**What to work on:** Only one span of the material below is wanted. Output it exactly, from the line with "Корзина д/хранения №2" through the line with "Badezimmer-Glasregale vom Fachbetrieb", without any pictures.

**Data excerpts:**
------------------------------

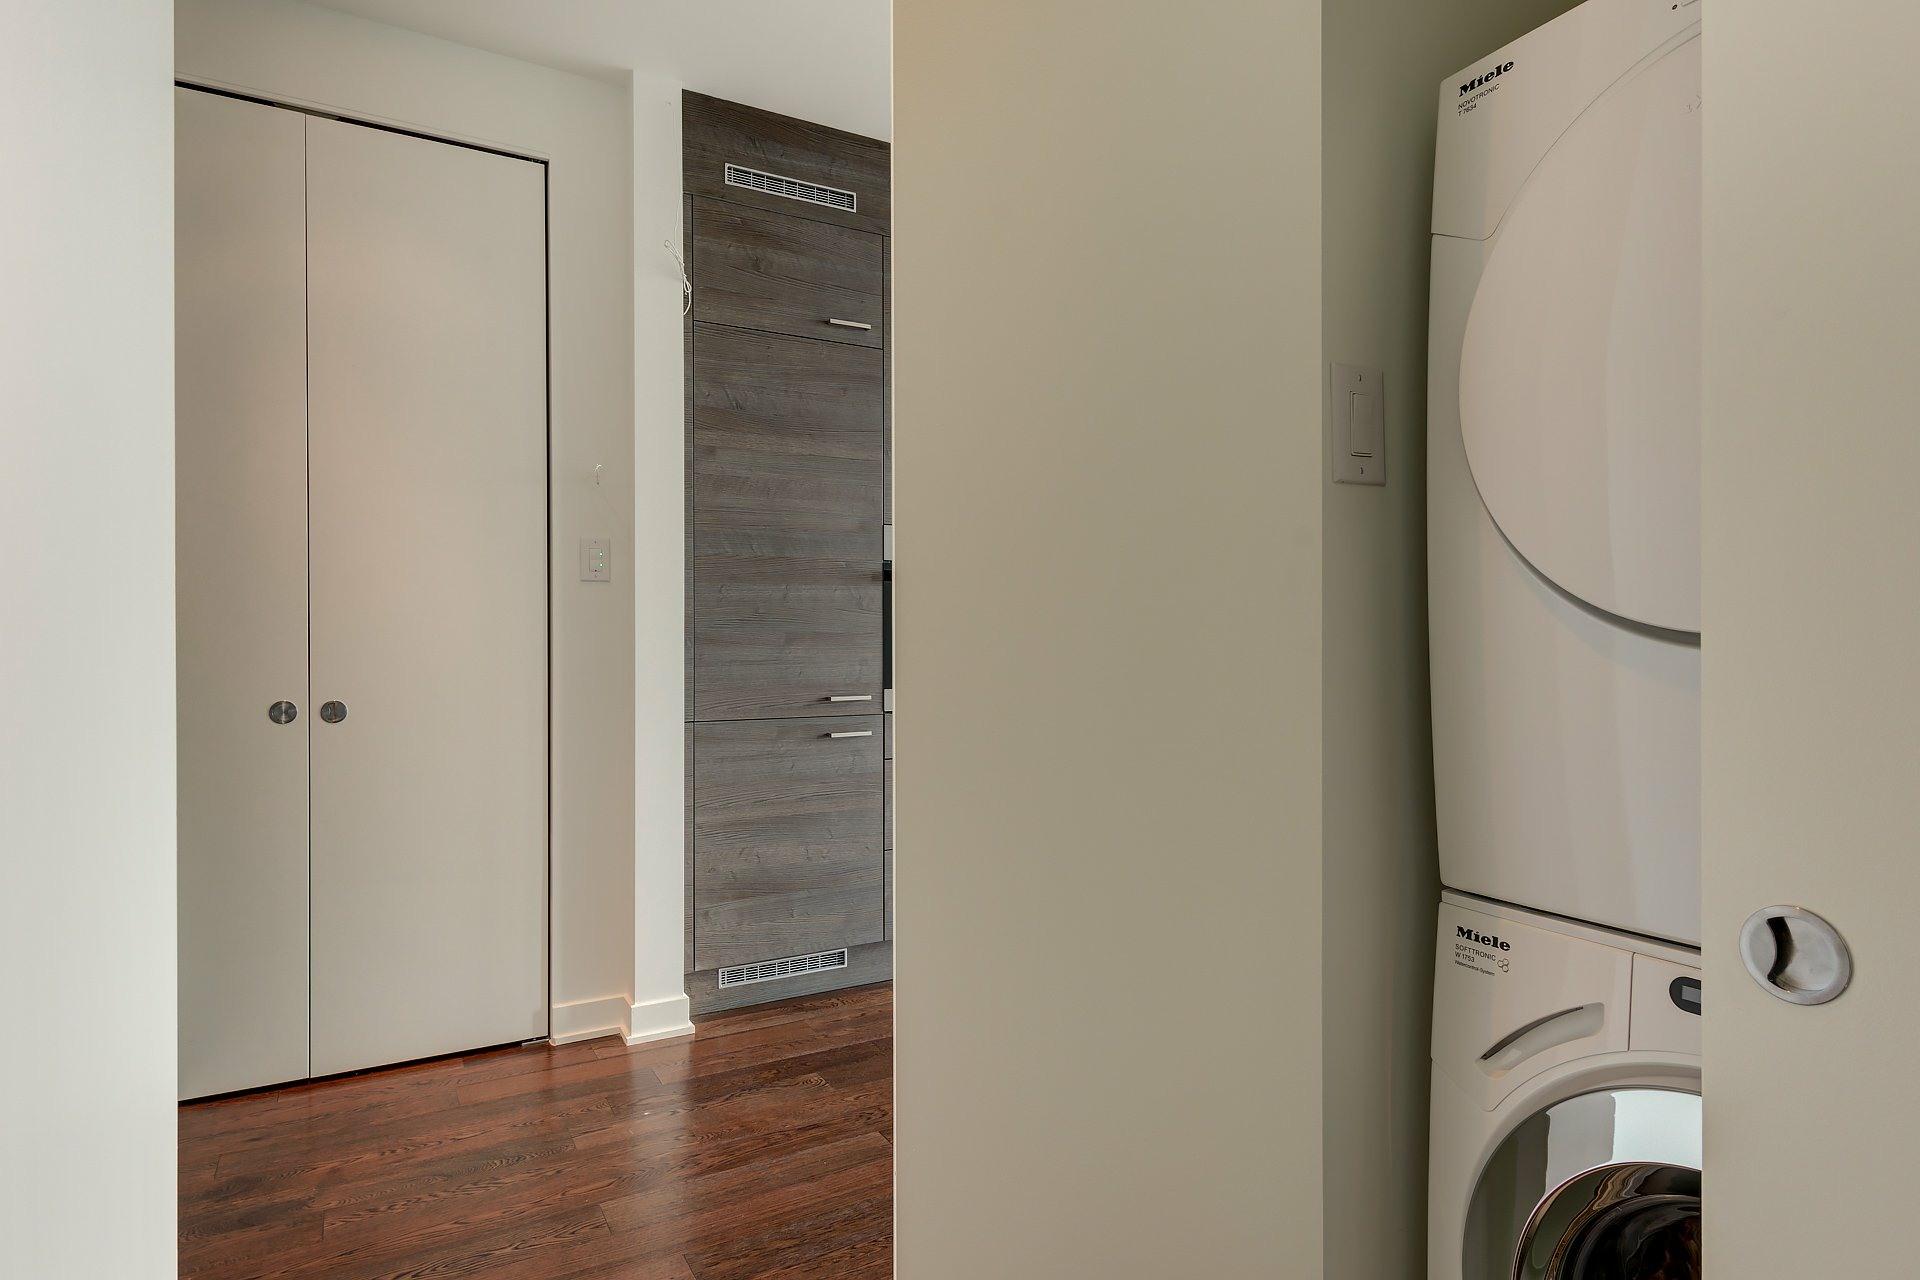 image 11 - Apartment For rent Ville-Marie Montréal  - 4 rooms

------------------------------

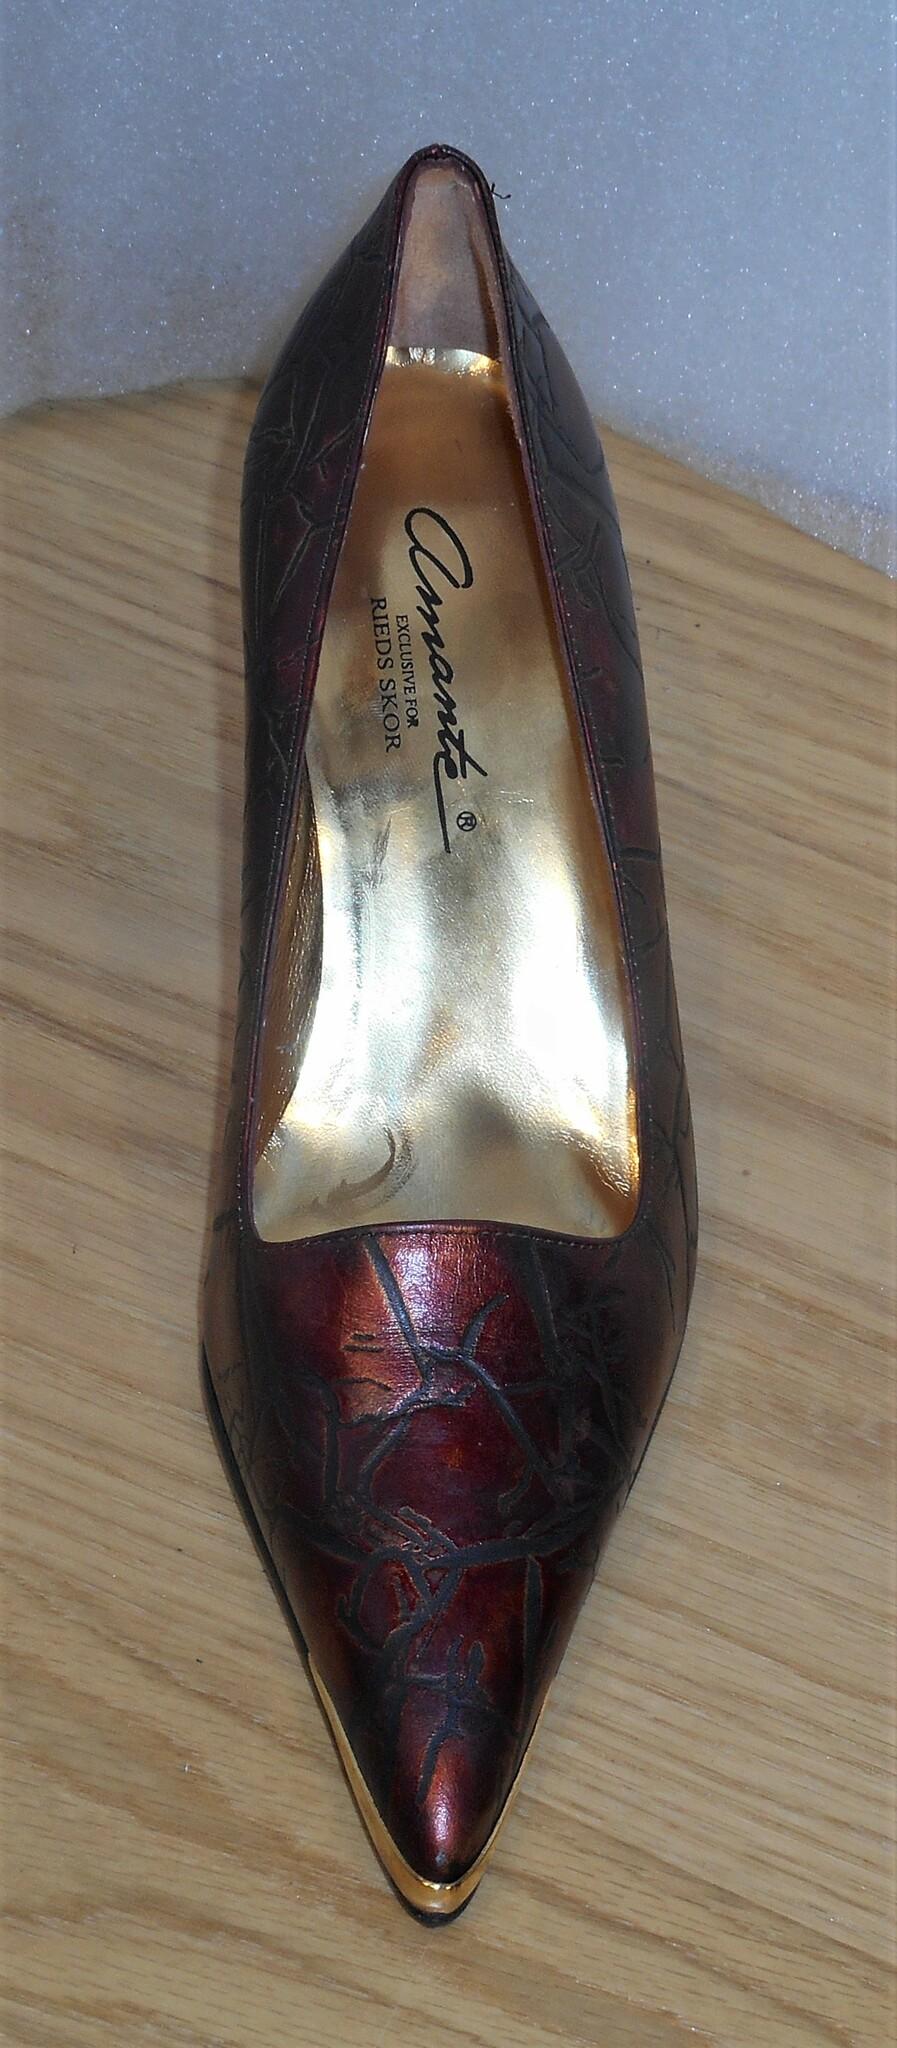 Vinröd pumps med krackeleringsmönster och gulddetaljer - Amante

------------------------------

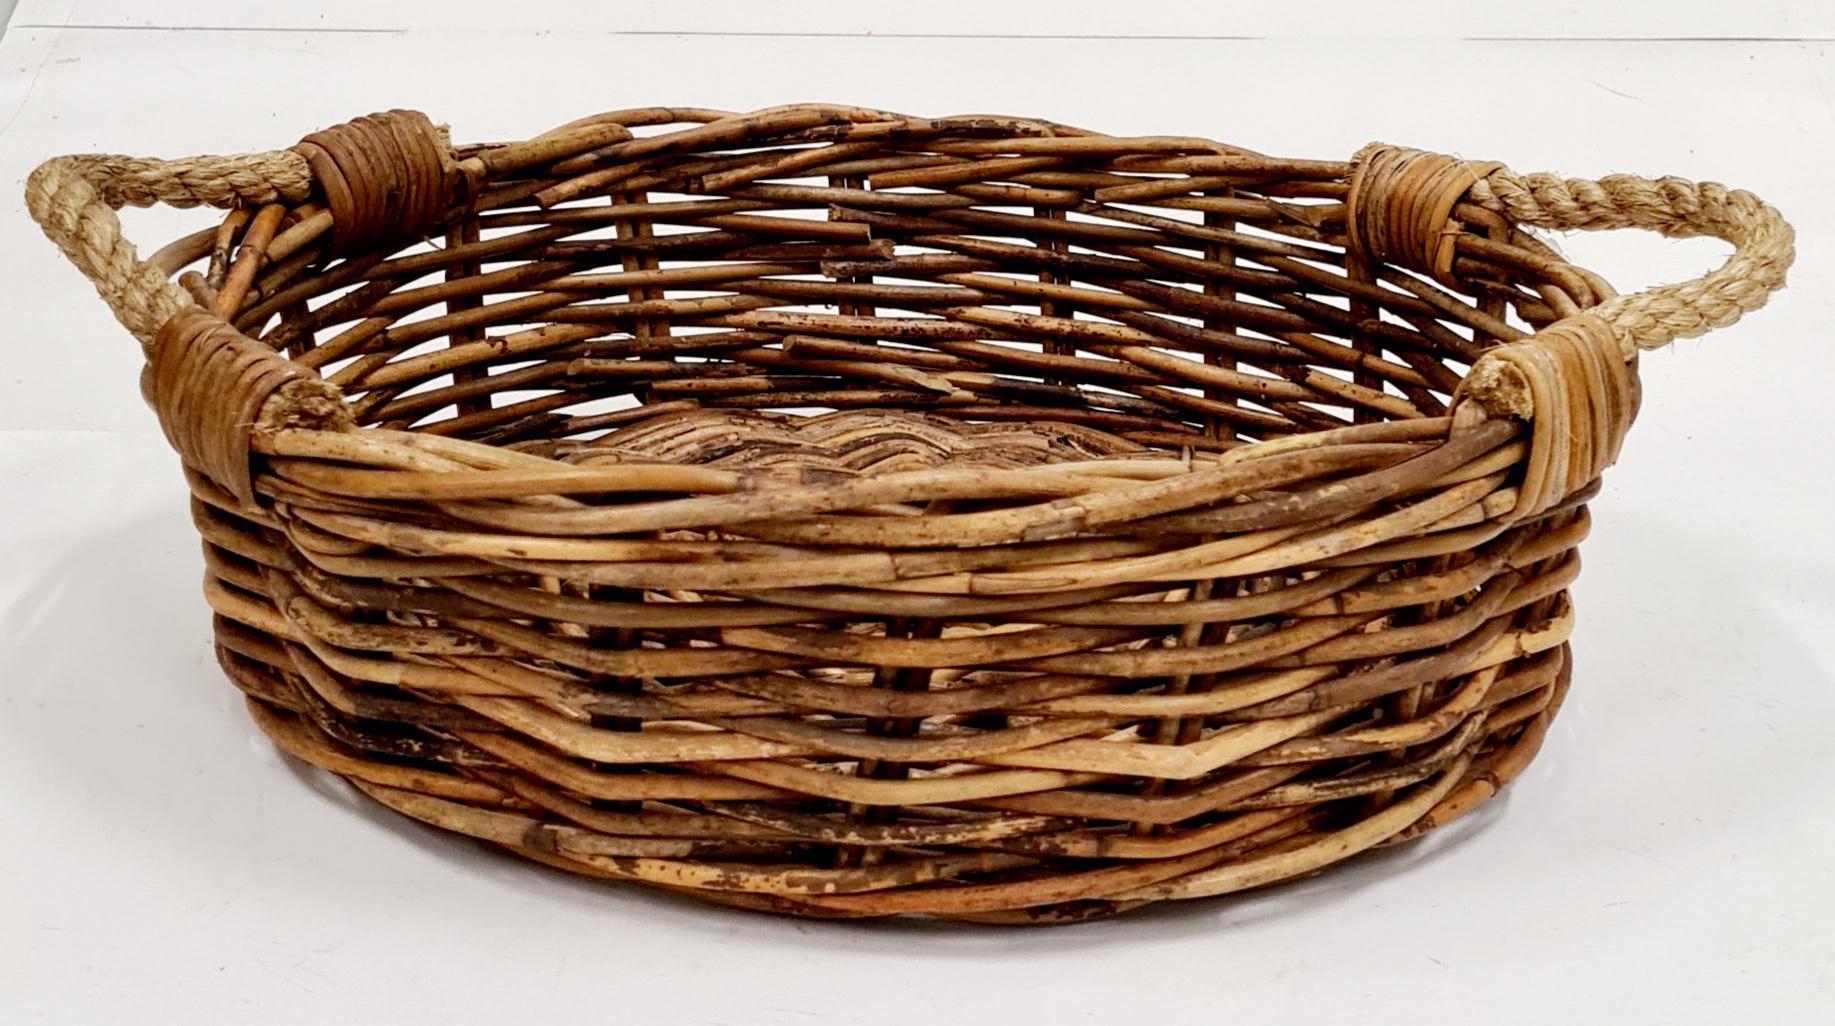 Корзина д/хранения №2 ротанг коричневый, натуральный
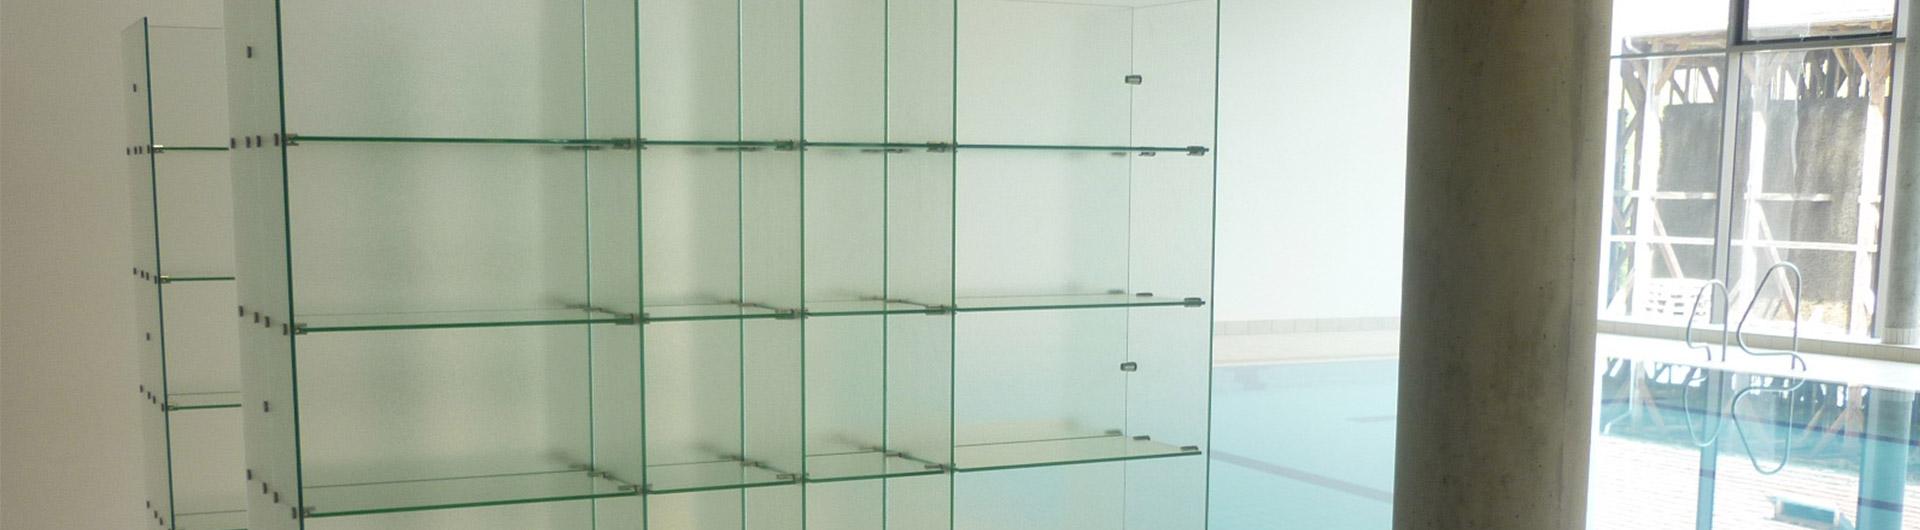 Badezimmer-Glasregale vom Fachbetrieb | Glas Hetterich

------------------------------

**Expected answer:**
 Корзина д/хранения №2 ротанг коричневый, натуральный
 Badezimmer-Glasregale vom Fachbetrieb | Glas Hetterich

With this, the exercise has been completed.